I figured there were probably one thousand people in the cathedral that morning. And I was guessing that there were parents in the room of children who were gay and lesbian, or maybe even transgender, or they themselves were gay or lesbian, so they would know something of the struggle. I was trying to humanize, to bring us into that same spirit of when we get to know each other, we’re more alike than we are different. And also, in speaking of the immigrant population—and particularly those who are arriving into this country and taking on the tasks that keep our society going, often behind the scenes or at off hours, and doing really back-breaking labor—to say that these are people that many of us know. I wanted to bring them into the room, to help evoke the images of actual people, rather than broad categories or characterizations.
Writing—and you’re a writer, so I think you understand this—is a form of prayer for me. It involves everything, right? Every aspect of my being, all of my ego, my insecurities, my strengths. You know those rare moments when you feel like you actually have energy to write, and other times when you feel like you’re going to fall asleep in front of the screen? It’s all prayer, and so that was certainly a part of it as well.
You’ve spoken in the past about the uselessness of speaking to Trump, that you’re done speaking to Trump. I thought, as I listened, that yes, you addressed him, but were you speaking to Trump?

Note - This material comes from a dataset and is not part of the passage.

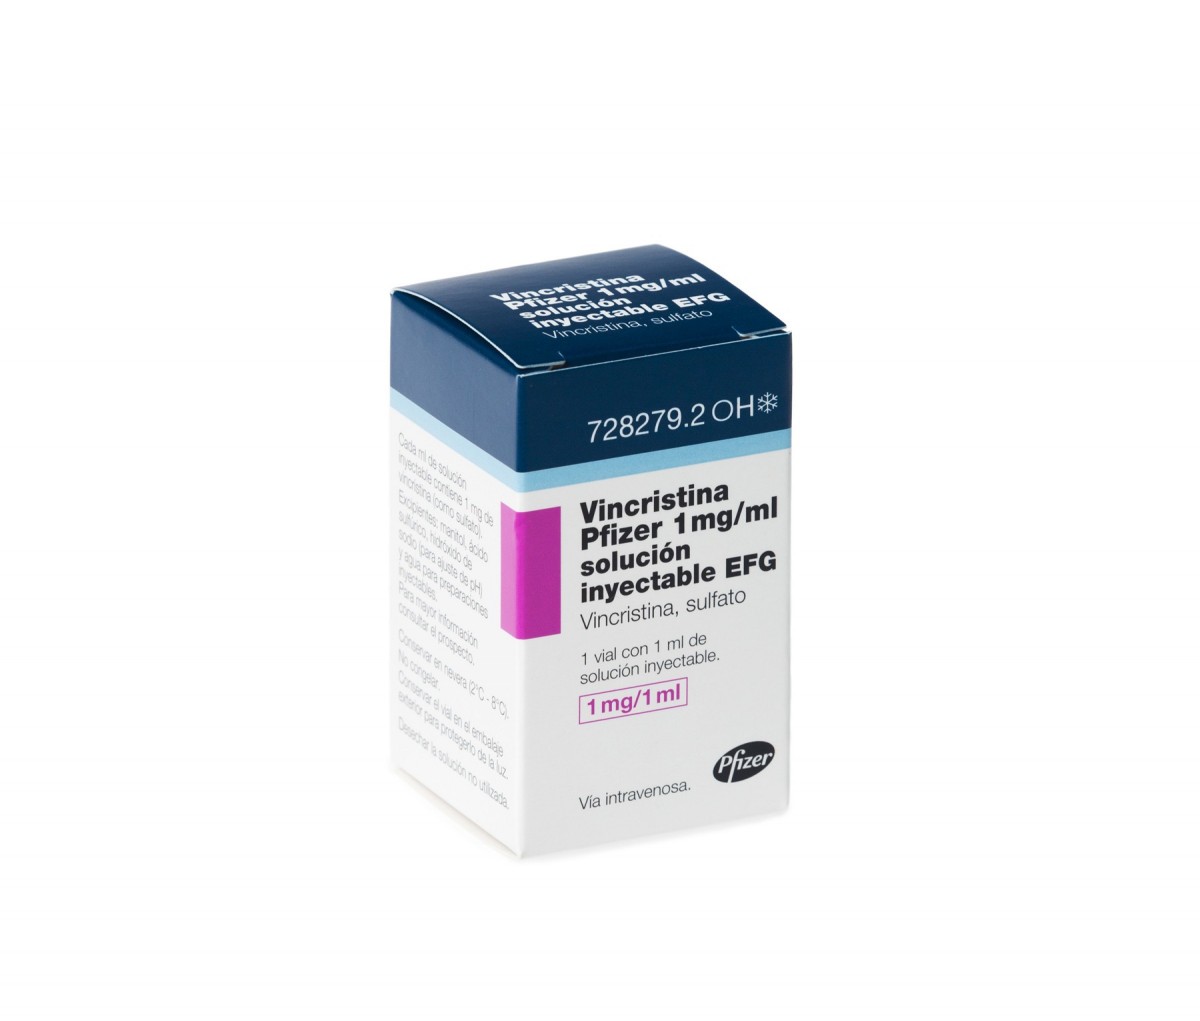 VINCRISTINA PFIZER 1 mg/ml SOLUCION INYECTABLE EFG , 1 vial con 2 ml fotografía del envase.

That’s really interesting. I guess when I said in the past that I was done speaking to Trump, I really meant I had given up any illusion that my words would have any influence on him. I did not see myself as one he would consider a credible voice to listen to. And I daresay that is still the case. Yet, in that moment, I chose to address him personally. I could have kept it in the broad third-person plural, like I had for the other three [principles of unity], right? We need these three things. We all need to do them. But I thought, in that moment, I would honor his office.
As a communication technique, family-systems people will often tell us that, if you really want someone in your circle to hear you, let them overhear you talk to somebody else. Like if my children, my grown adult children, talk to someone else about their lives, and I happen to be eavesdropping—I’m sitting over in the kitchen, chopping vegetables, you know what I mean—and they’re talking to a college friend, or they’re talking to a family friend or an uncle, they talk differently, and I listen differently.
I was actually counting on people overhearing me talk to Trump in a way that would communicate to them. So there was that. The other part was that I was very aware that I was not simply speaking to those gathered in the sanctuary of the cathedral but that we were actually part of a public discourse that had been going on throughout the political season. As I mentioned, there’s a certain amount of rhetoric that we take as normal now, and particularly so in political seasons, and it’s a really dangerous way to run a country. If we talk to each other like that all the time, we are going down a path of self-destruction as a nation.
You just talked about your kids, and, as a pastor’s kid, I have some experience of how the political can play out in the personal. I would imagine your kids are just so proud of you. How are they? How is your family with all this?